Now Ms. Fuller has broken her old habit of ordering the cheapest item
on a menu. She even booked tickets to a summer music festival in
Barcelona. And given the explosion of the housing market, she has
decided that saving to buy a home is not something she is going to
worry about right now.

“Houses are just so unaffordable,” she said. “I don’t even know if
that’s worth my time and energy at all.”

Some experts say the spend-it-now attitude is not particular to the
young people of 2022. “Every generation has had an apocalyptic view of
their lives,” said Brad Klontz, a financial psychologist in Boulder,
Colo. During the Great Depression, he noted, many people lost their
trust in banks. At the height of the Cold War, the fear of nuclear war
affected the way many young people planned for the future. And during
the 2008 financial crisis, saving for home felt pointless for many.

“We’re not wired to save,” Mr. Klontz said. “We’re wired to consume.
If you have an exciting vision of the future, those are the people who
aggressively save for retirement. If you have an apocalyptic vision of
the future, why would you save for it? Of course, you wouldn’t.”

That dim view of what’s to come can be exacerbated by issues like
climate change.
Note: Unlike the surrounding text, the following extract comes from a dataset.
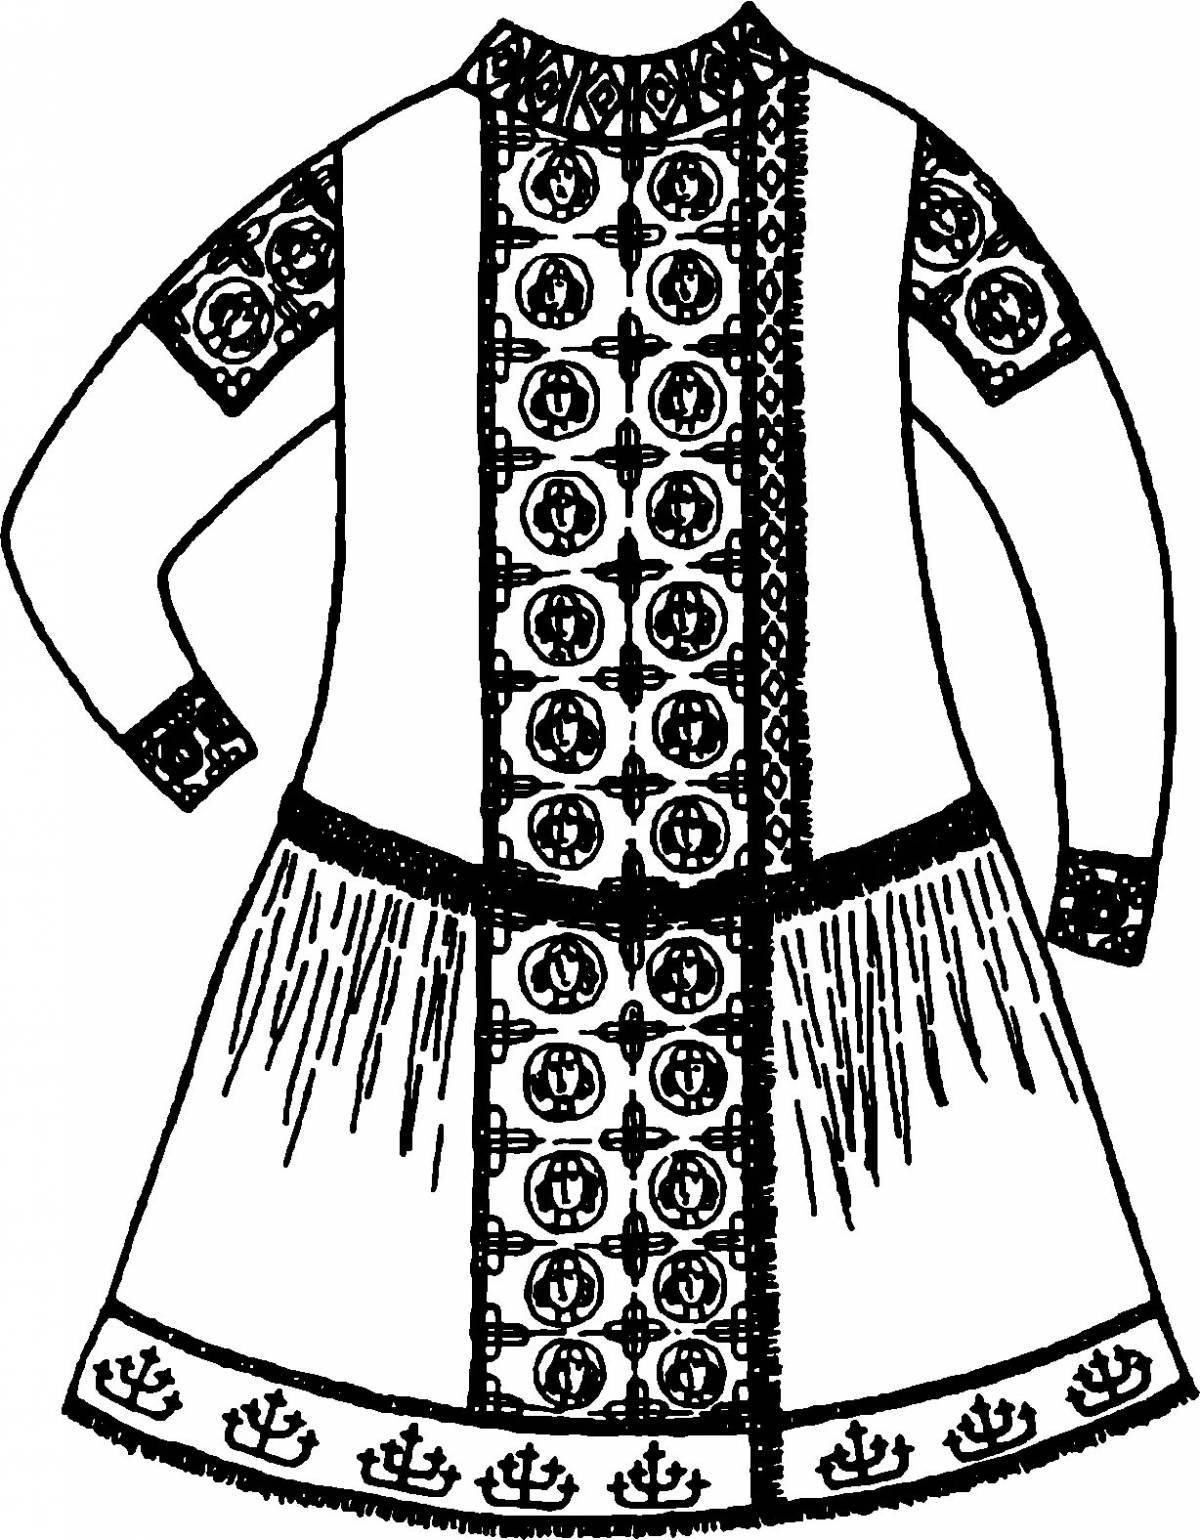 Smart Adyghe national costume
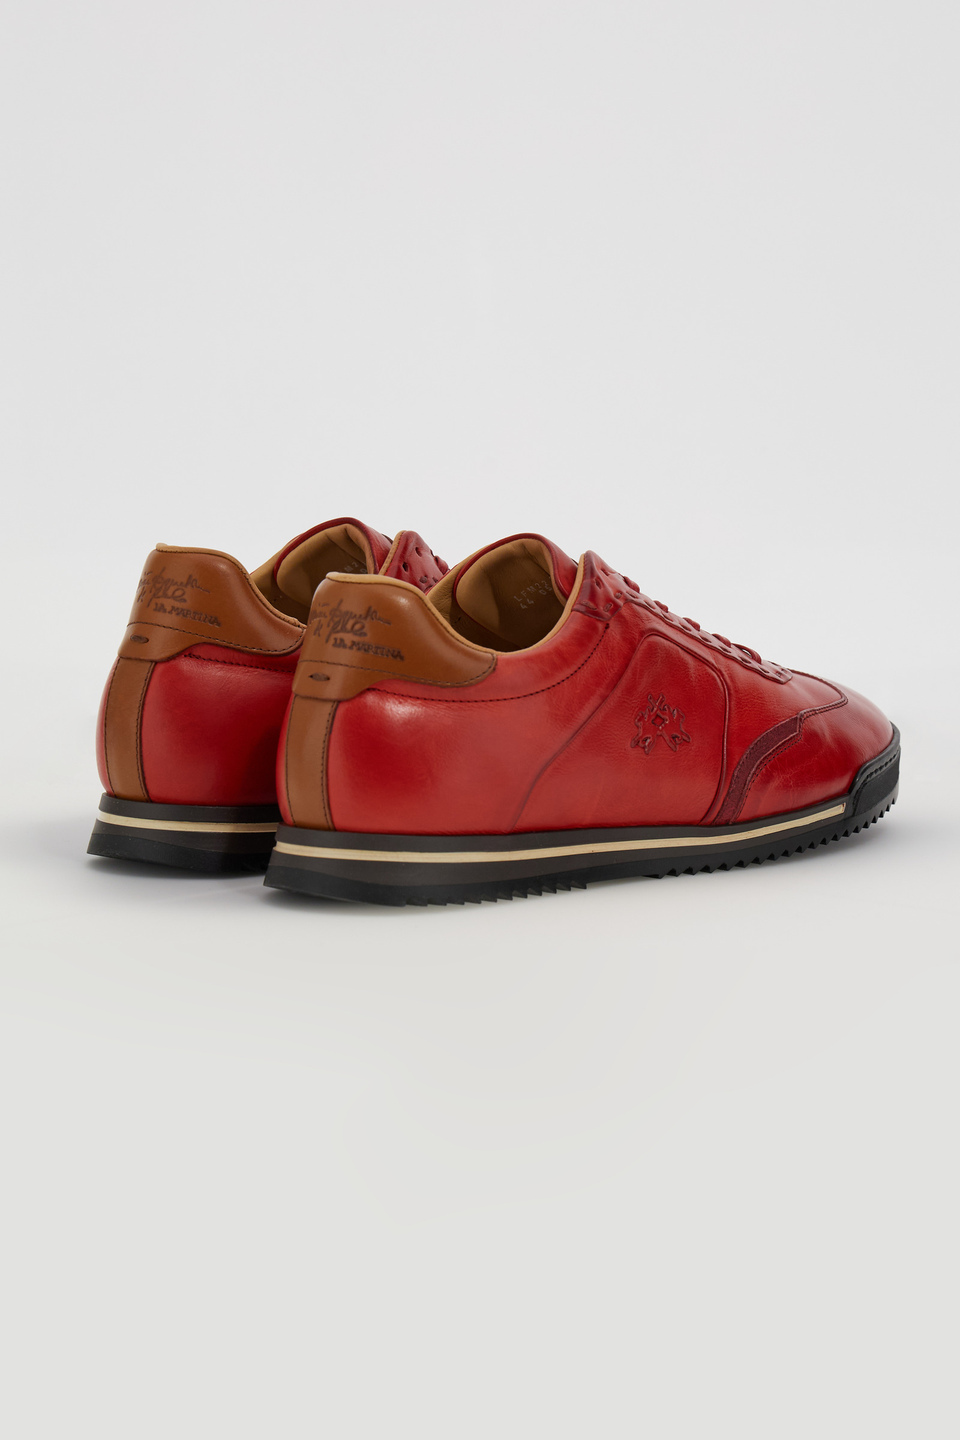 Heritage leather trainers | La Martina - Official Online Shop

Danilo Jiménez, who is planning to go to graduate
school to study environmental policy in the fall, said he has put
saving for retirement on hold in favor of spending that money on
weekend trips and moving out of his parent’s home to live with
roommates in Brooklyn.

“The idea that I’m going to put money away into an account that I
can’t access until I’m 60 — that’s 2056!” said Mr. Jiménez, 25, who
has worked as a youth soccer coach and carpenter’s helper. “A lot of
things are going to change by then, with respect to climate change.”

Rather than putting his pay into a traditional savings account,
Schuyler Wagner, 25, has been pouring his time and money into an
idiosyncratic investment: coral farming. For Mr. Wagner, a financial
analyst in Tempe, Ariz., aquaculture was a childhood hobby that he
gave up in his college years — large tanks don’t exactly fit in dorms.

After graduation, he pursued it again. Now he tends to Goniopora (also
known as flowerpot coral), Euphylia (which can be very expensive, Mr.
Wagner said), and Acanthophyllia (“a massive single polyp coral that
can be as large as a pizza”), among other types of coral. Mr. Wagner
has seven tanks in his condo, with a total volume of over 450 gallons.
He buys and trades the chunks with other hobbyists in Arizona, as well
as reef specialty stores and aquatic pet shops.

Mr. Wagner said he spends $750 to $1,500 on materials and equipment
each month. He hopes that one day his expensive hobby will pay off and
he can pursue aquaculture as a full-time job.

“Rather than just trying to save to compete with inflation or buy a
house in five years, which doesn’t make sense to me right now, I want
to pursue this passion,” he said. “There’s so much uncertainty in the
world, and Covid has pushed passions to the forefront.”